_Data section_
☆ ☆ ☆ ☆ ☆ ☆ ☆
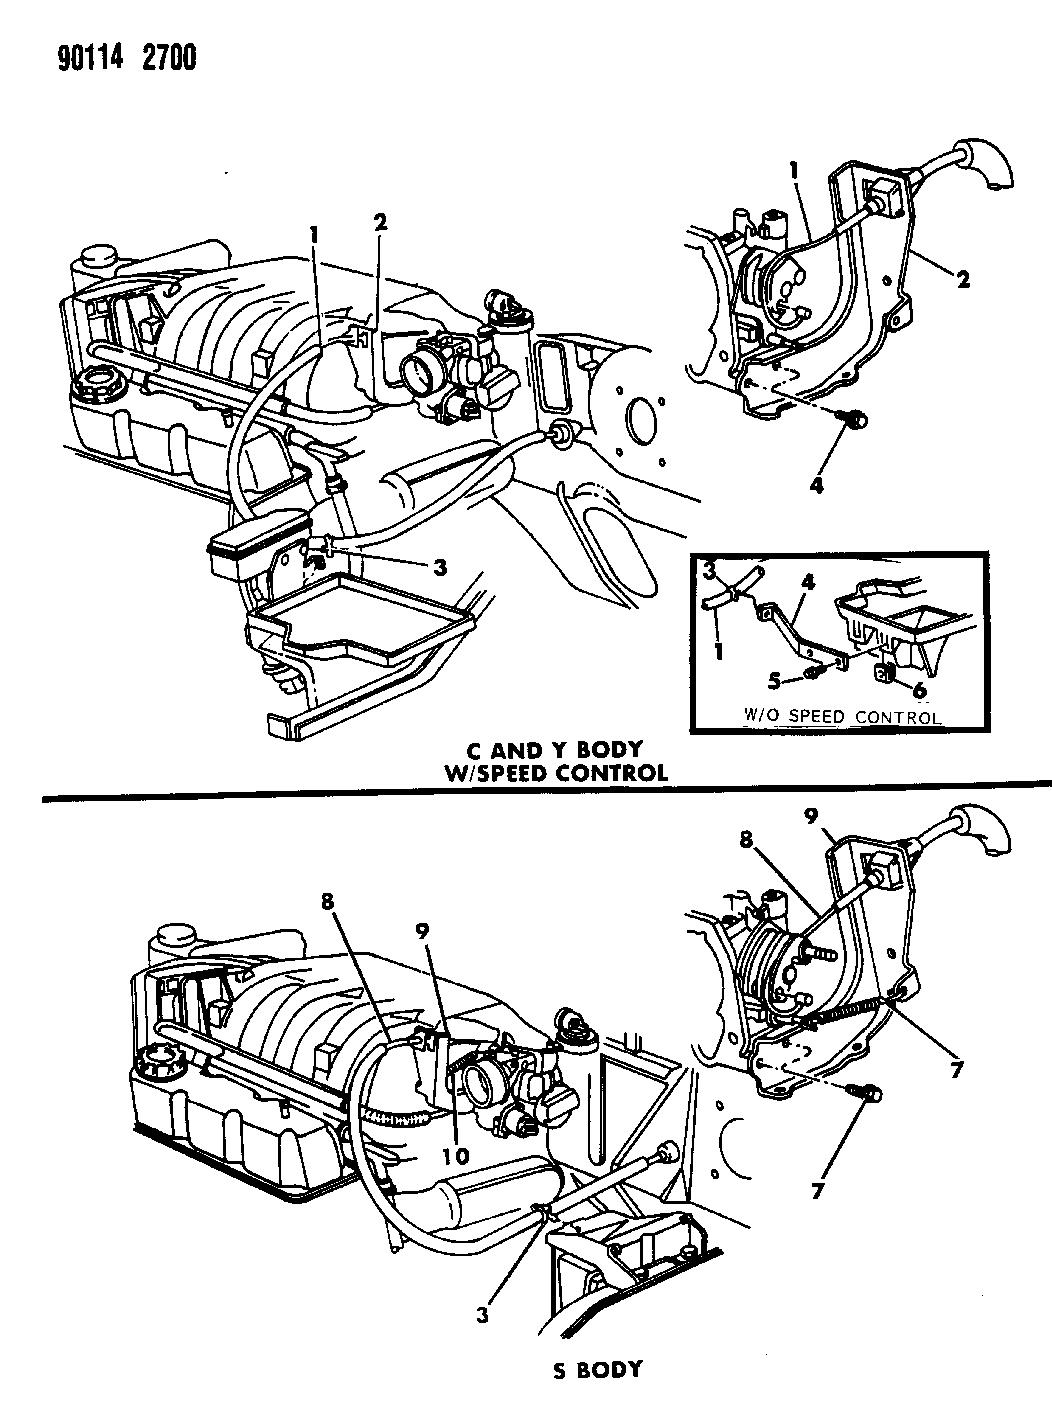 1990 chrysler new yorker fifth avenue throttle control
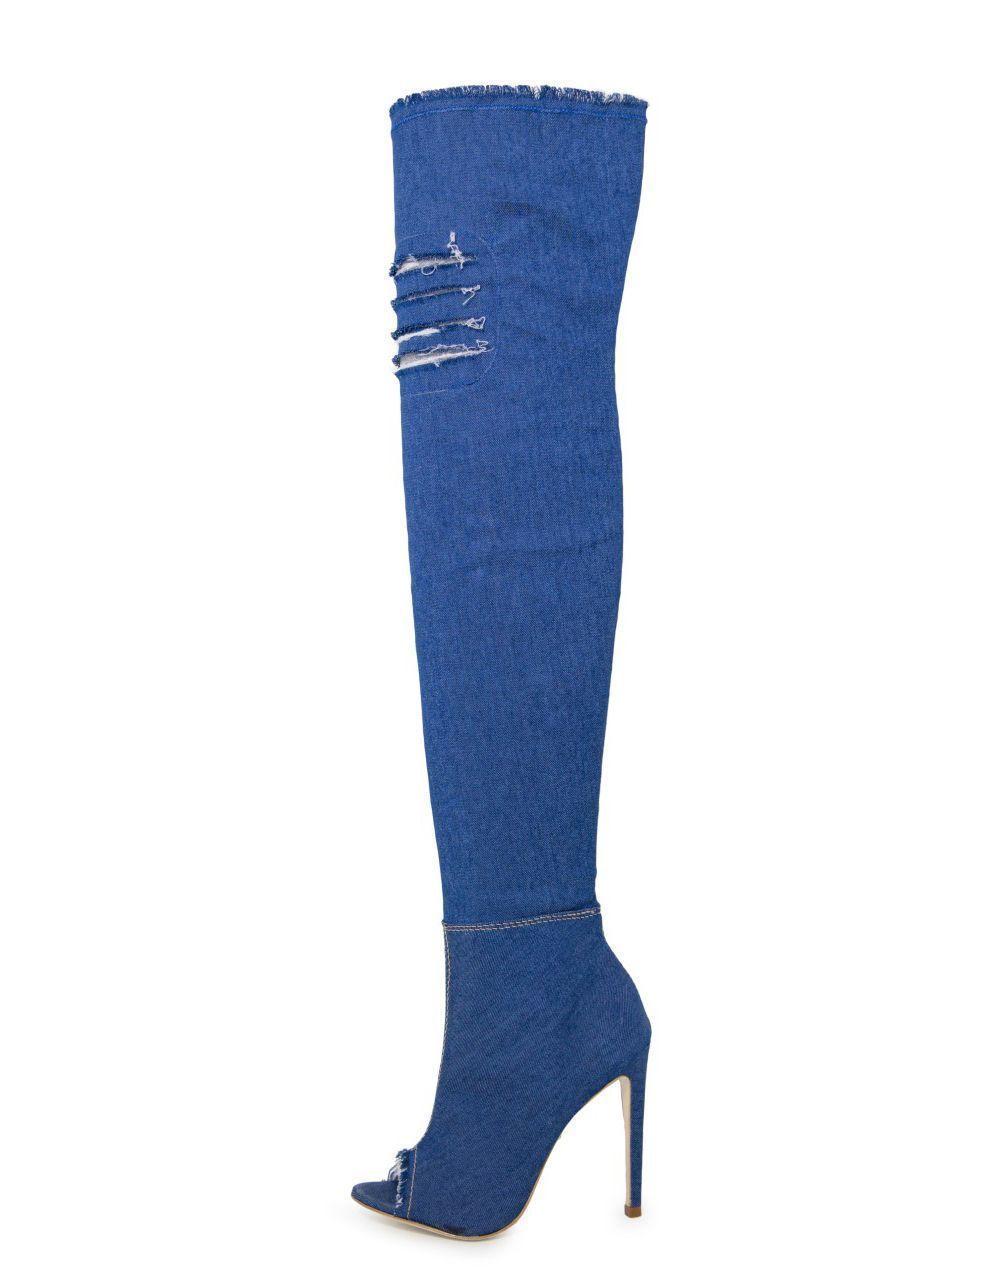 Bota Open boot Conceito Fashion Over The Knee Jeans Azul – Conceito Fashion
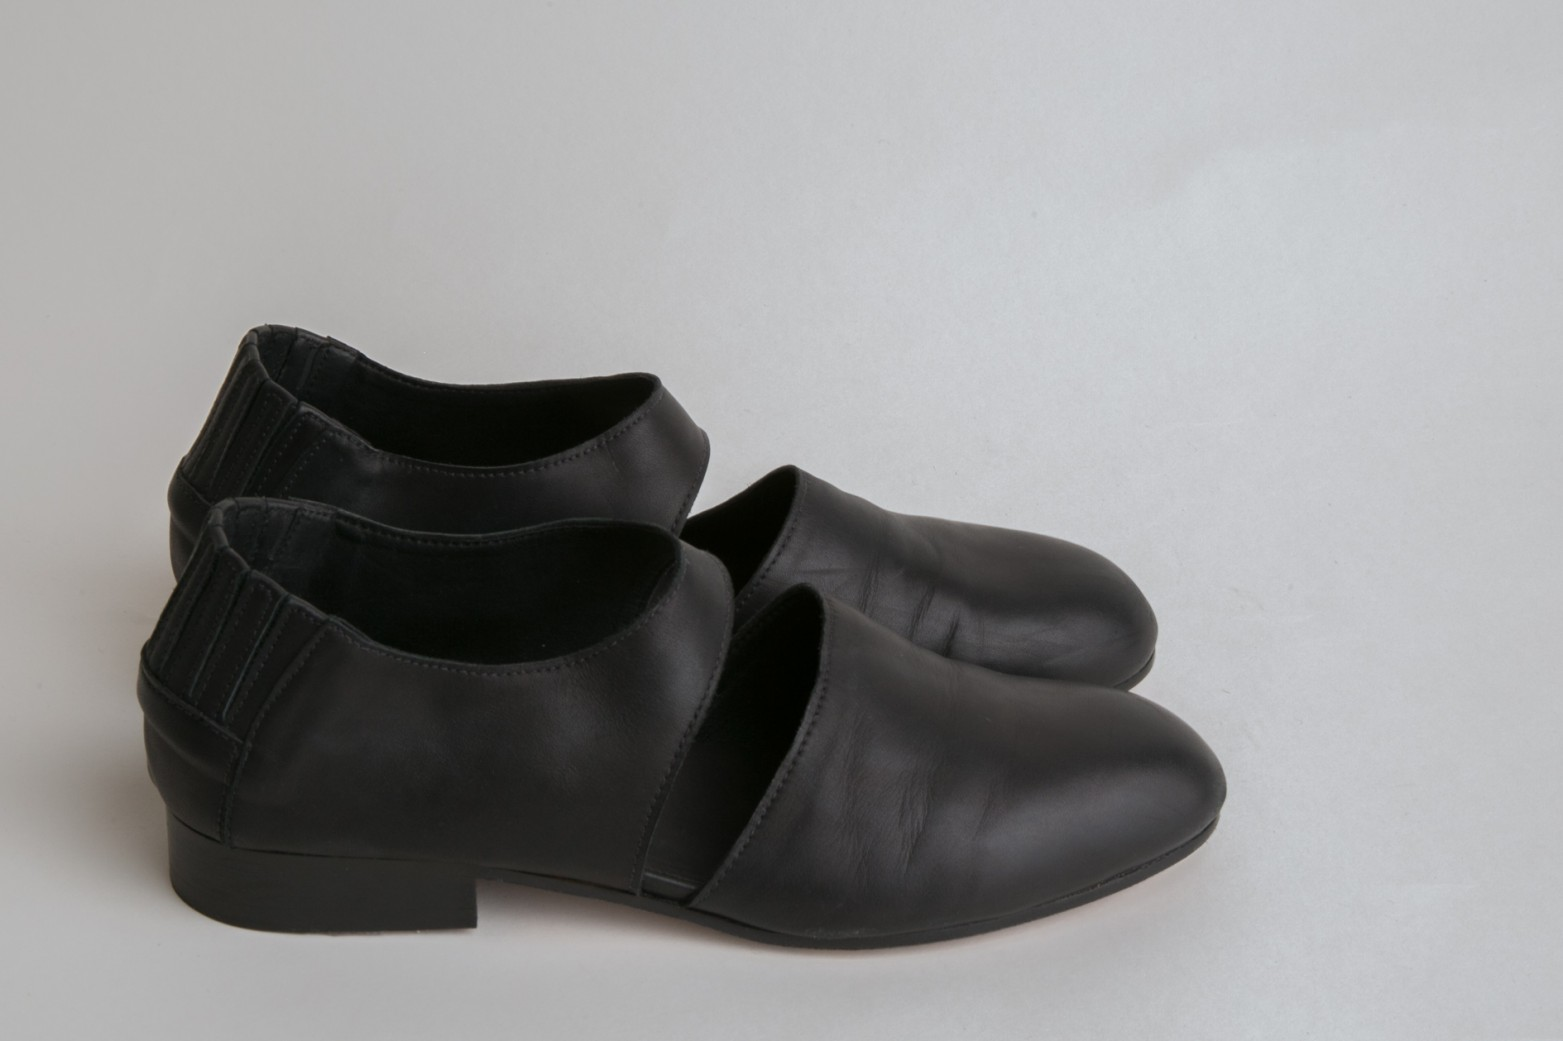 Hed Mayner Derby Shoes
☆ ☆ ☆ ☆ ☆ ☆ ☆
_Exercise brief_
Each line of the data above needs to be retyped as it is, without any picture.

_Solved exercise_
 1990 chrysler new yorker fifth avenue throttle control
 Bota Open boot Conceito Fashion Over The Knee Jeans Azul – Conceito Fashion
 Hed Mayner Derby Shoes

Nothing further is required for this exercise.